### How to complete this task
Using the data below, return word for word every line from the one holding "Marmaray suburban train line map" down to the one holding "2.laguna camp calendar.jpg". Leave pictures out.

### Dataset entries
┄┄┄┄┄┄

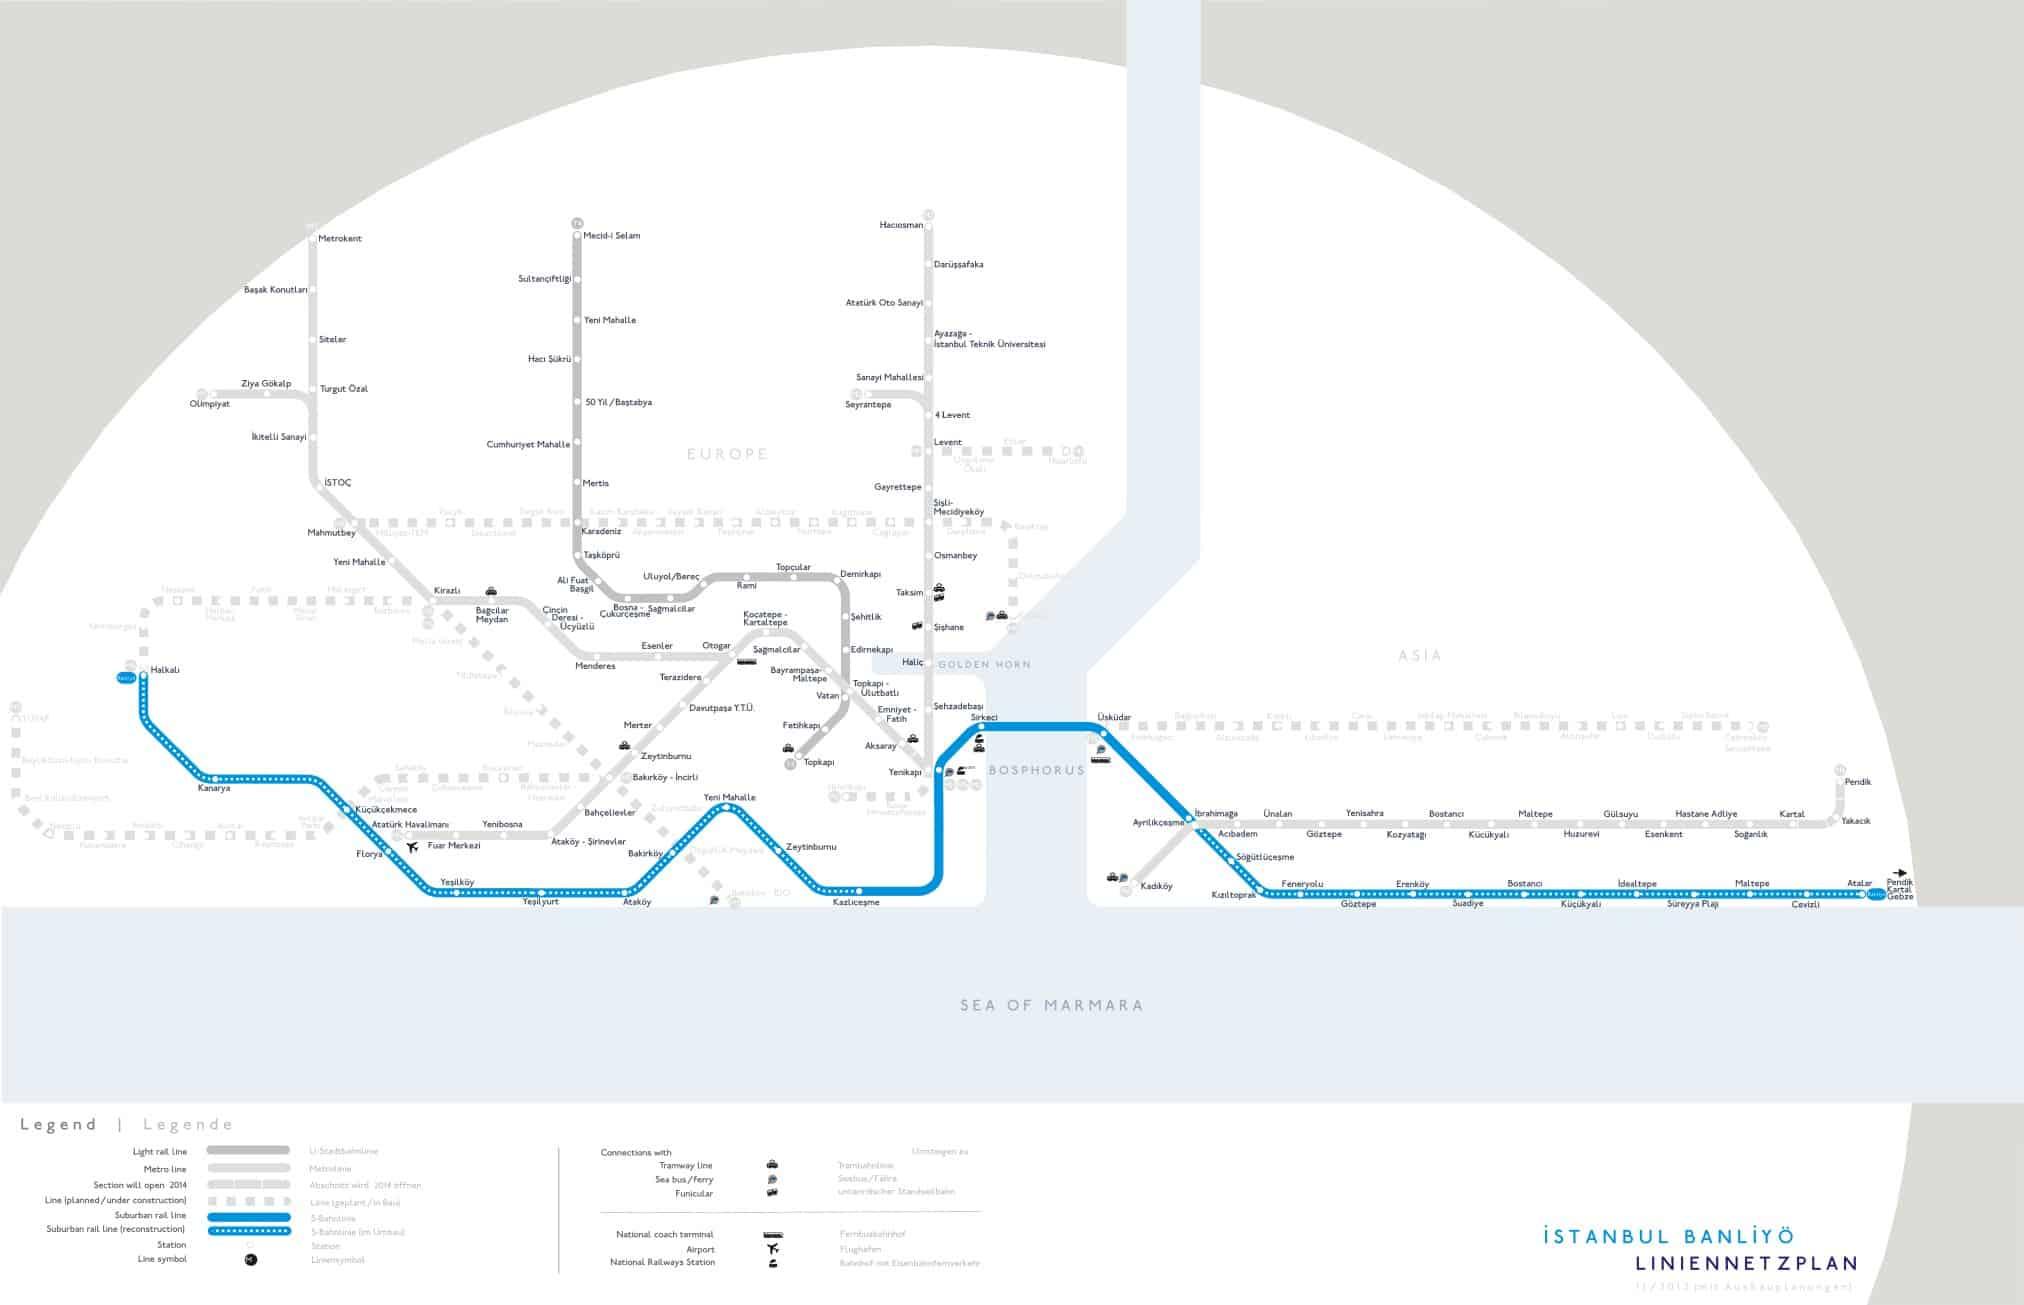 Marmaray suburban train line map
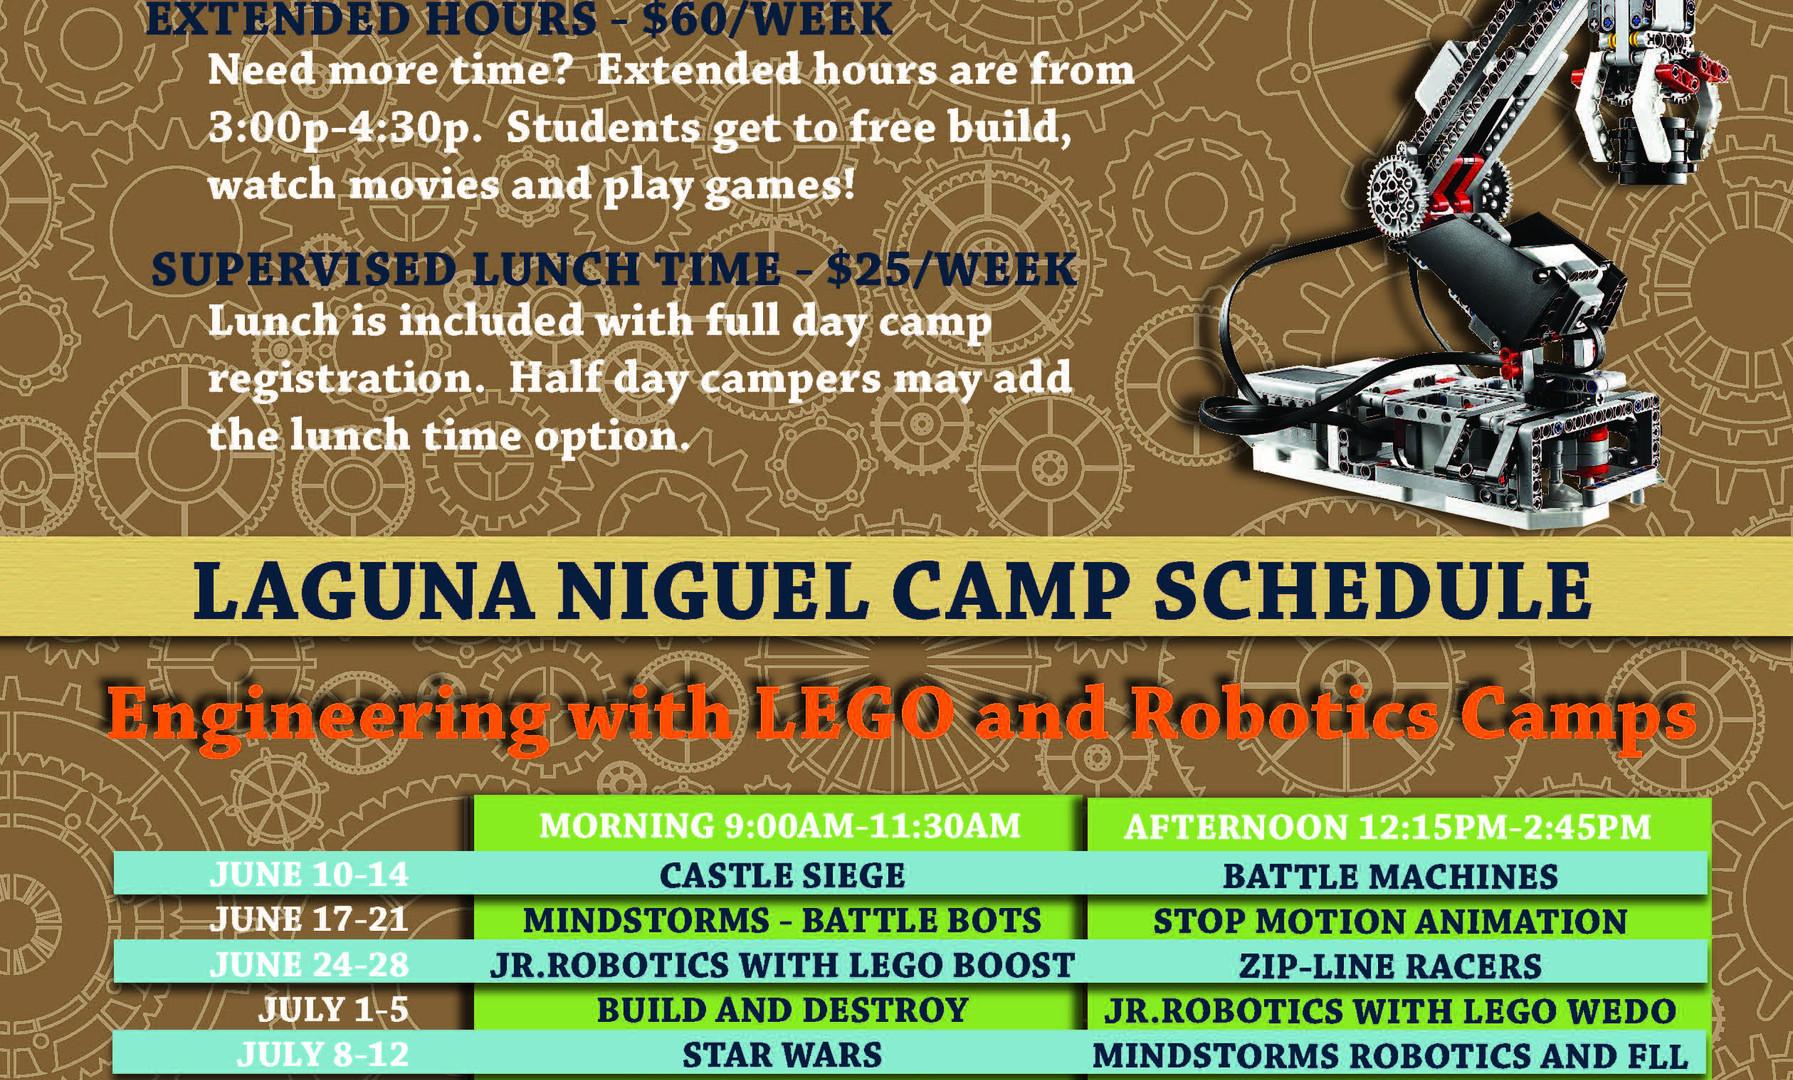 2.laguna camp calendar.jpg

┄┄┄┄┄┄

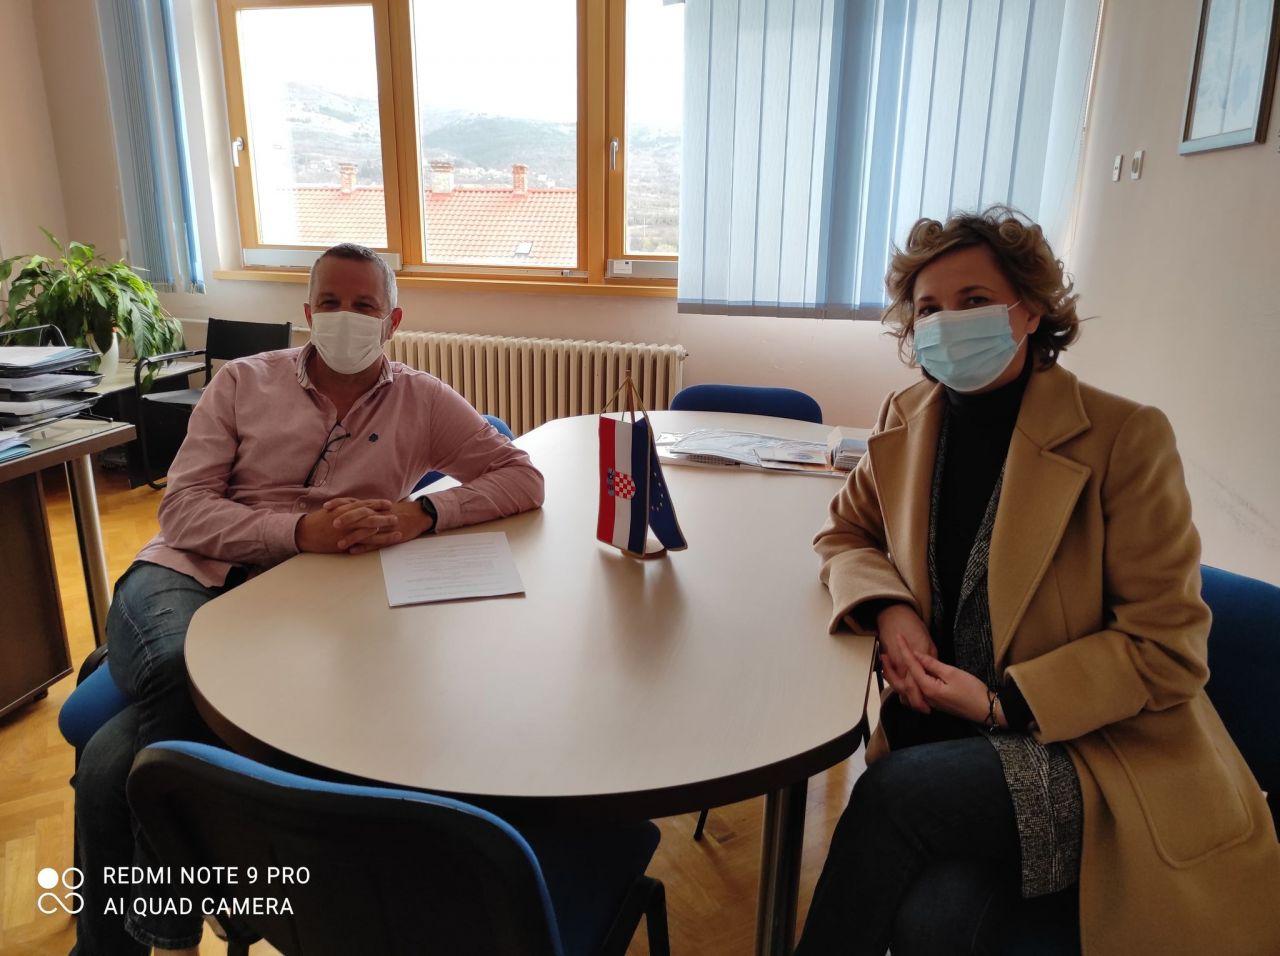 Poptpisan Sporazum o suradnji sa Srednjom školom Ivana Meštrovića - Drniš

┄┄┄┄┄┄

### Answer
 Marmaray suburban train line map
 2.laguna camp calendar.jpg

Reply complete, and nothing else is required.